Barrister: To be or not to be! | The Daily Star
12:00 AM, March 01, 2016 / LAST MODIFIED: 12:00 AM, January 23, 2020

Law Education

Barrister: To be or not to be!

Abarrister ( barrister-at-law or Bar-at-law) is a type of lawyer in common law jurisdictions with a split legal profession. In England and other Common law countries with split legal profession, a barristers does not take client's direct instruction, he is instructed by a solicitor with a brief and supporting documents to appear before the courts on behalf of his client. A barrister is therefore a lawyer specialized in court room litigation. By contrast, in Bangladesh, the roles of solicitor and barrister are fused and we have only one type of lawyer referred to as 'Advocates'. A barrister is therefore a professional qualification and should be distinguished from an academic degree. A person is 'called to the bar' by any of the four Inns (Lincoln's, Gray's, Inner Temple and Middle Temple) and upon becoming a member of any particular inn, he becomes a barrister.

To qualify as a barrister the most common route is to have a LLB degree (from a University recognised by the Bar Standards Board) and thereafter successfully complete a one year vocation training called 'Bar Professional Training Course' (BPTC). Most people in Bangladesh prefer to do their LLB here under international programme/external system and then go to UK to do the BPTC as it significantly reduces cost. Therefore before one engages in such a costly education one needs to understand the advantages and disadvantages of pursuing this education track which I discussed below.

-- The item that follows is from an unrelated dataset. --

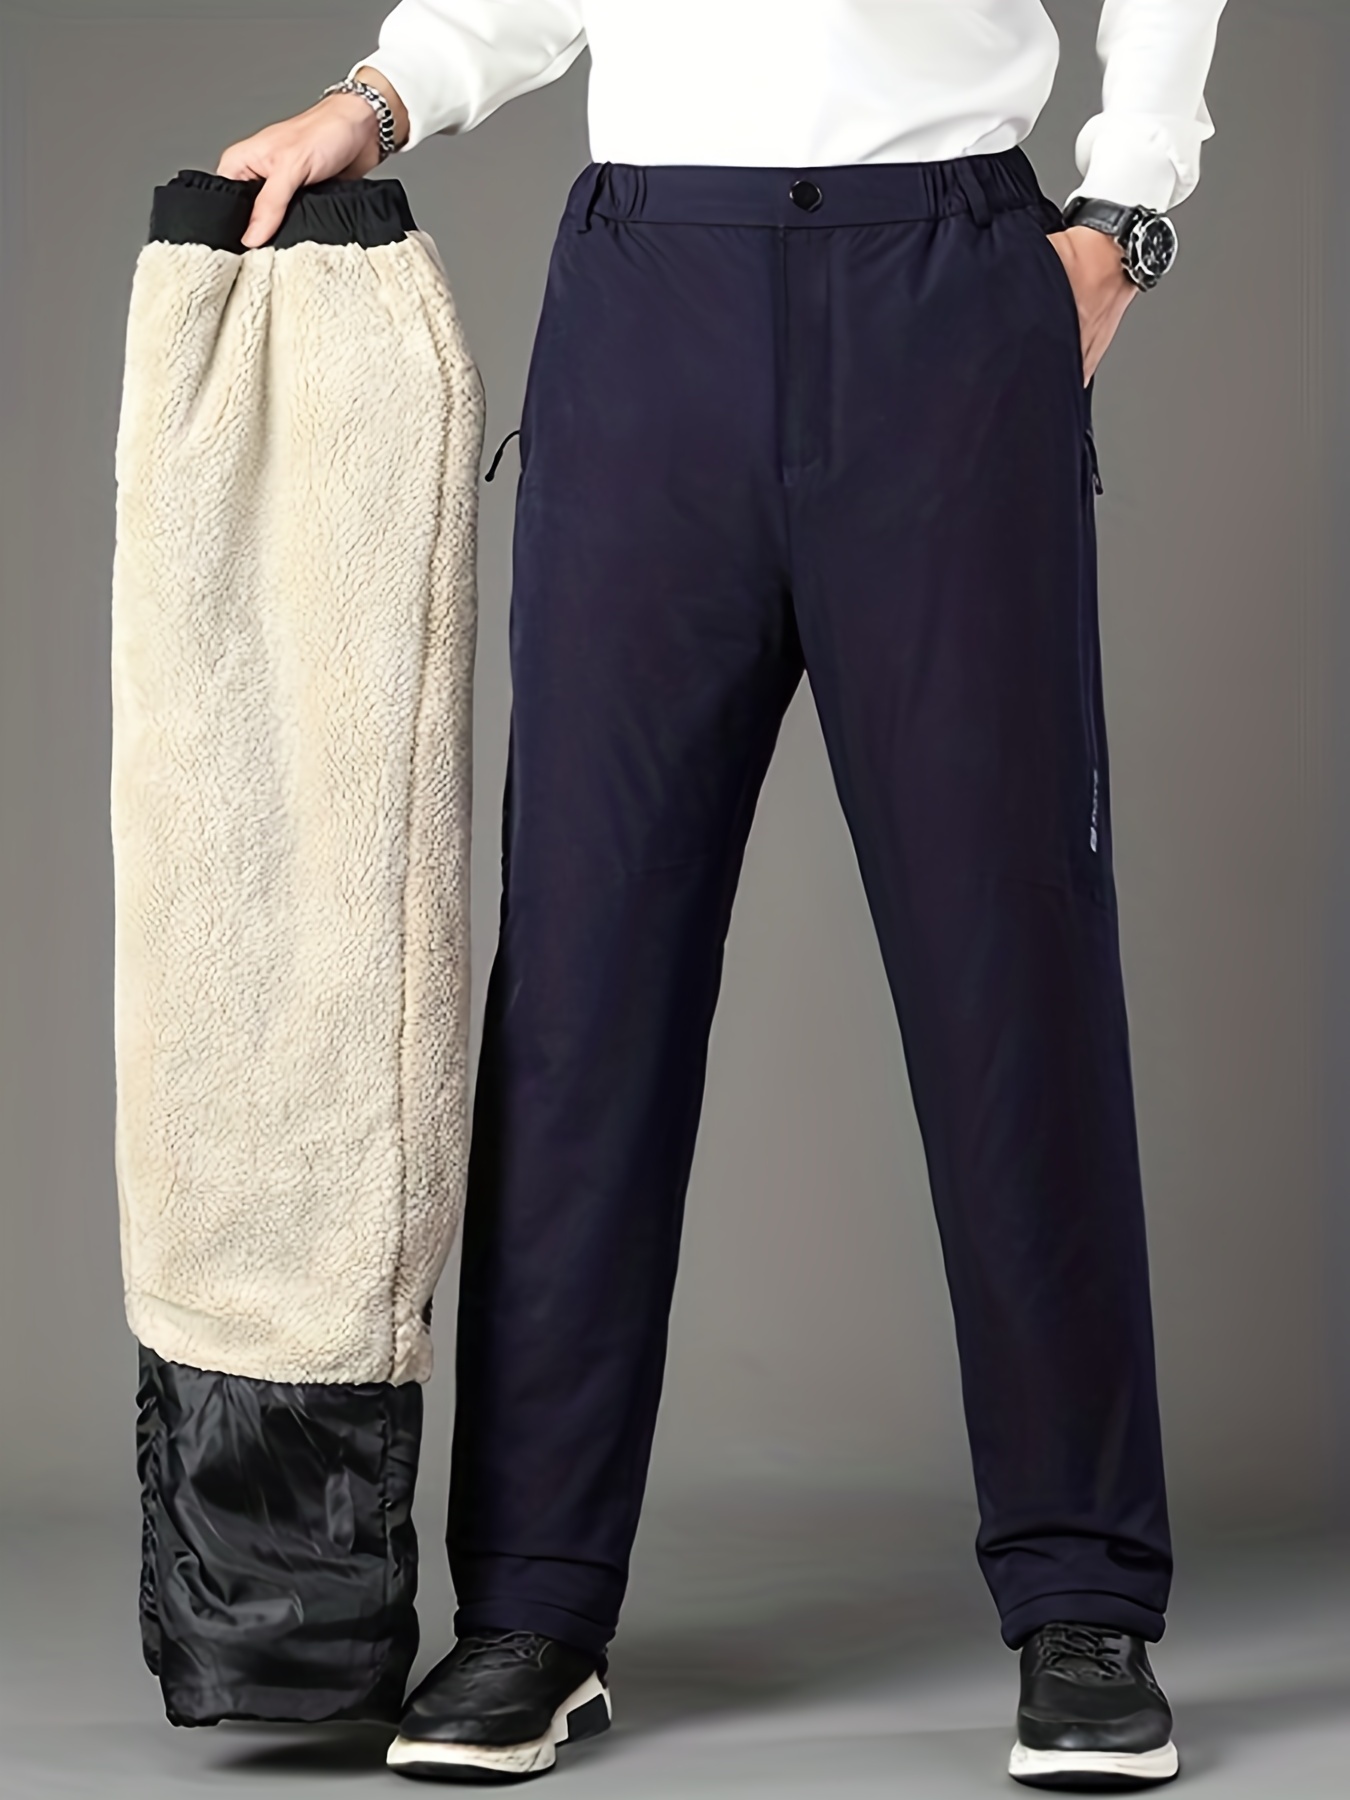 Women Winter Warm Flannel Lined Jeans Winter Warm Thicken Pants
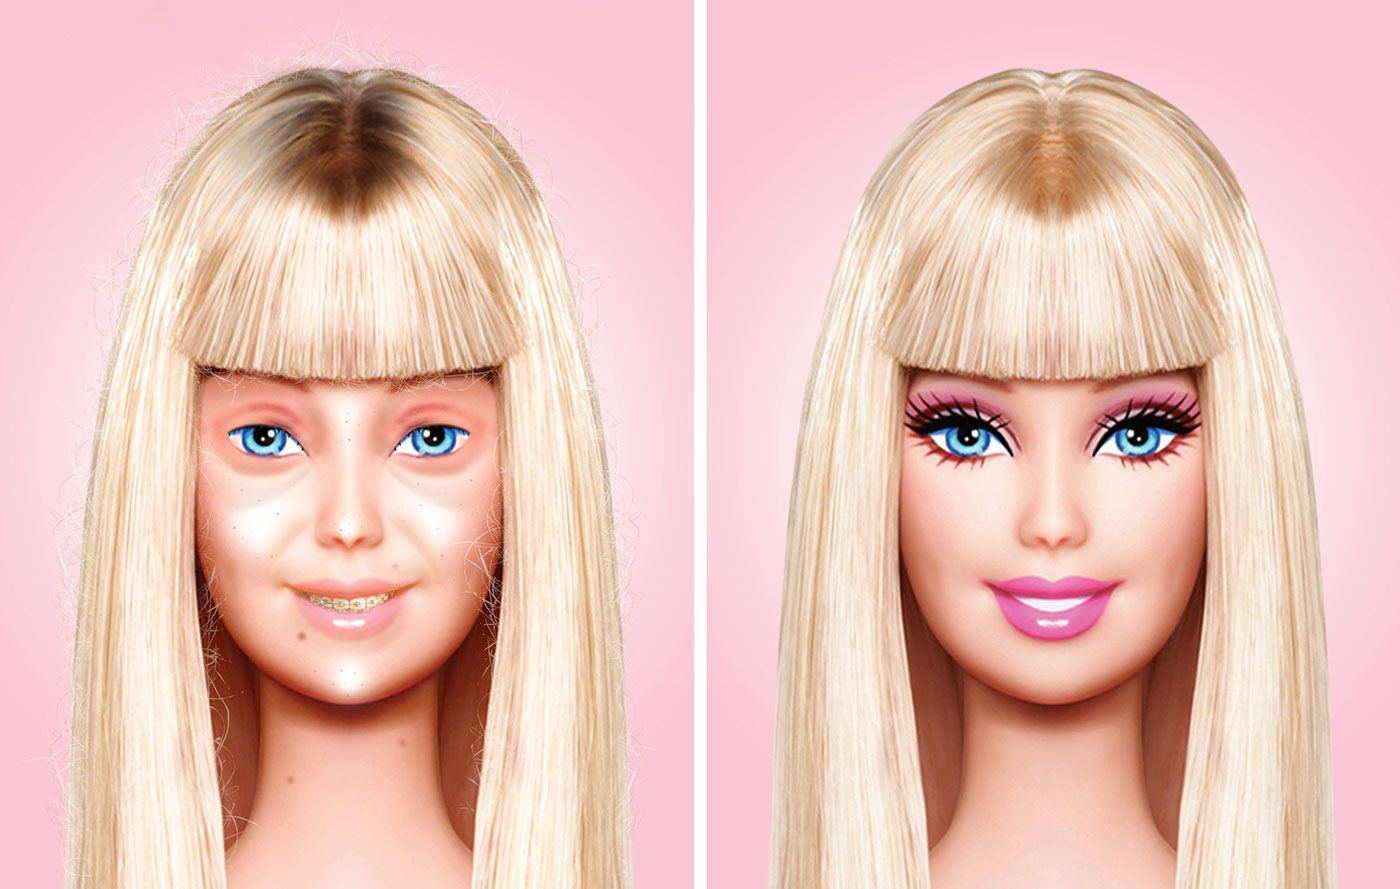 Barbie para que edad es

First, it is an expensive education track, even though the skills learnt thought the BPTC course is useful, on a balance it does not justify the cost. Our Bar Council can easily follow the English model and start a one year vocational training like the BPTC, so that a law graduate can learn these skills locally without going to the UK. You can find here The UK Solicitors. Also it should be noted that not all the skills learnt cannot actually be applied here due to differences in our 'litigation culture' .Second, it gives no benefit in terms of enrollment as an advocate, whereas in Pakistan and Malaysia a barrister gets exemption to practice in the courts without sitting for further professional exams. Under Bangladeshi regulations, a barrister will have to go through the same process as a local LLB graduate to qualify as an advocate. Third, in the beginning of practice a young barrister is not familiar with laws of Bangladesh. It should be noted that for practical purposes, law in practice is very different from law as studied in law text books, ultimately both foreign graduates and local graduates learn from experience and practice in the courts.

Now considering the other side of the motion; the BPTC course develops practical skills such as advocacy, drafting, legal research, client conference, legal ethics etc. A local candidate after studying LLB is directly pushed into professional arena with little professional training. A barrister having these skills finds himself at a competitive advantage over the local candidates. Second, at the LLB stage (under English law curriculum), students are forced to apply their mind and think about the law; they are taught to analyse and interpret law. By contrast the local syllabus tends at making students memorize a lot of law without developing a sharp legal mind. Thirdly, barristers have knowledge about a developed legal system. Therefore, if he wants to engage himself in the process of legal reform he is more likely to think out of the box and propose solutions to remedy the loopholes in our existing legal system, which is backdated and needs major reform. Fourth, if one practices at the Supreme Court, barristers find it much easier to deal with some area of law like Constitutional, admiralty, company law etc, as they are familiar with the English principles which are often applied by our Supreme Court. Finally, clients sometimes prefer barristers over advocates. This is non-sense of course; an advocate can be equally good or better than a barrister if he understands the law and procedure and knows the art of advocacy. But it is a left-over of our colonial legacy and not surprisingly many practicing advocates want to become a barrister to get that professional edge.

Ultimately, it's a personal choice. The seats in public universities are limited and the private law schools have a lot to be desired. While I do not personally see any harm in pursuing foreign legal education one should be mindful of the fact that, our own law schools and the Bangladesh Bar Council must work together to modernise the syllabus and provide practical education to new graduates so that their entry into the legal profession is not met with hurdles and frustrations.